Captain of the Ship Doctrine
Under the Captain of the Ship Doctrine, the doctor is responsible for everything that happens while he is in charge, whether it was done by people under his control or not. If another surgeon comes in to help him and makes a mistake, he can still be held responsible, even though the other doctor is a fully-qualified specialist. This doctrine imposes more responsibility on the doctor than the Borrowed Servant Doctrine; however, a lot of states do not recognize it.
Borrowed Servant Doctrine
Under the Borrowed Servant Doctrine, a doctor is only responsible for the people under his supervision and control. Under this doctrine, he cannot be held responsible for the actions of another specialist.
If a doctor or hospital has the authority to control someone else, that person may be his agent or the hospital’s agent, and the doctor or hospital can be held liable for the agent’s actions. They may be in different locations and have never met. What matters is the Authority to Control, not actual control.

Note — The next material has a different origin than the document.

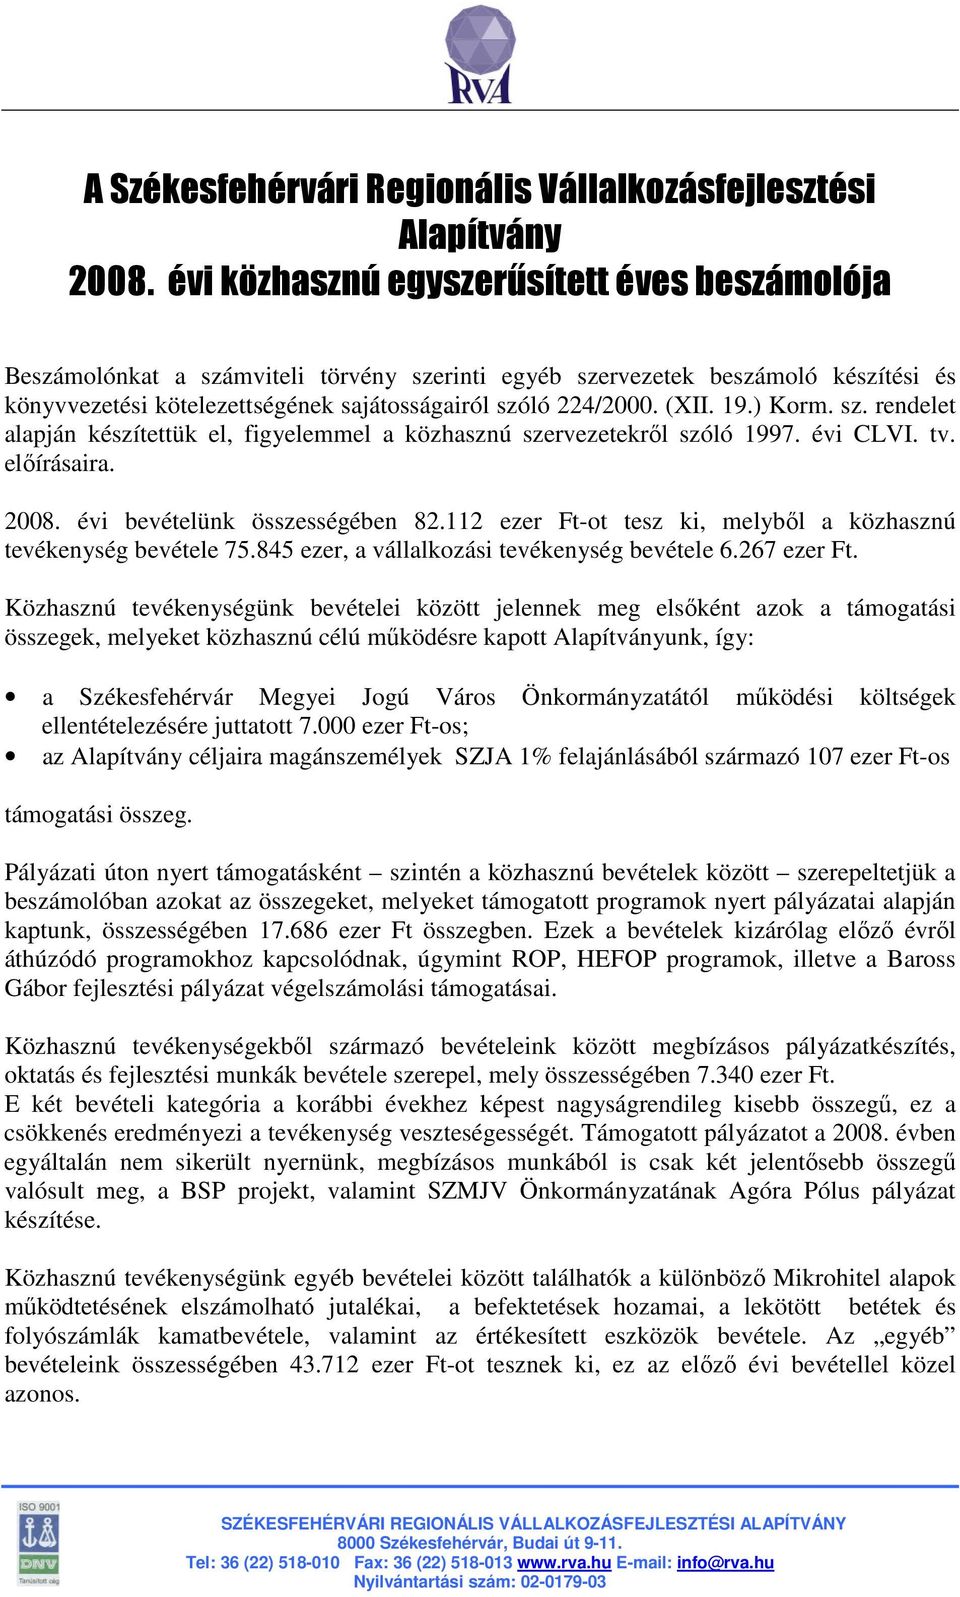 19.) Korm. sz. rendelet alapján készítettük el, figyelemmel a közhasznú szervezetekrıl szóló 1997. évi CLVI. tv. elıírásaira. 2008. évi bevételünk összességében 82.

In a Colorado malpractice case, a ski instructor suffered a broken knee on the slopes. The municipality where he was injured had an arrangement with a Denver hospital that all accident cases would be taken to the office of a local pediatrician, who would give emergency treatment, and send the patient on to the Denver hospital. Even though the man asked to be taken to a nearby orthopaedic surgeon, the rescue squad took him to the pediatrician, who manipulated the knee, tearing the ligaments, and causing permanent damage. When the man sued, the Denver hospital claimed that its contract was with the town, and the hospital had no control over the pediatrician. But, the court held that the pediatrician was acting as the hospital’s agent, because the hospital had the authority to tell the pediatrician to send it all injured people brought in by the rescue squad. The jury awarded the plaintiff damages against all three: the pediatrician, the hospital, and the municipality.
In a New York case, a heart specialist engaged a retired doctor to make follow-up visits to his patients in the hospital and at home, as they were convalescing. The arrangement was that the retired doctor would charge the patients directly for his services and could be completely independent. The retired doctor missed signs of a recurring heart attack in an elderly lady and she died. The heart specialist claimed that he was not responsible for the doctor, who was an independent physician. But, the court held that the retired doctor was acting as the heart specialist’s agent, because the specialist had the authority to tell him how to treat his patients.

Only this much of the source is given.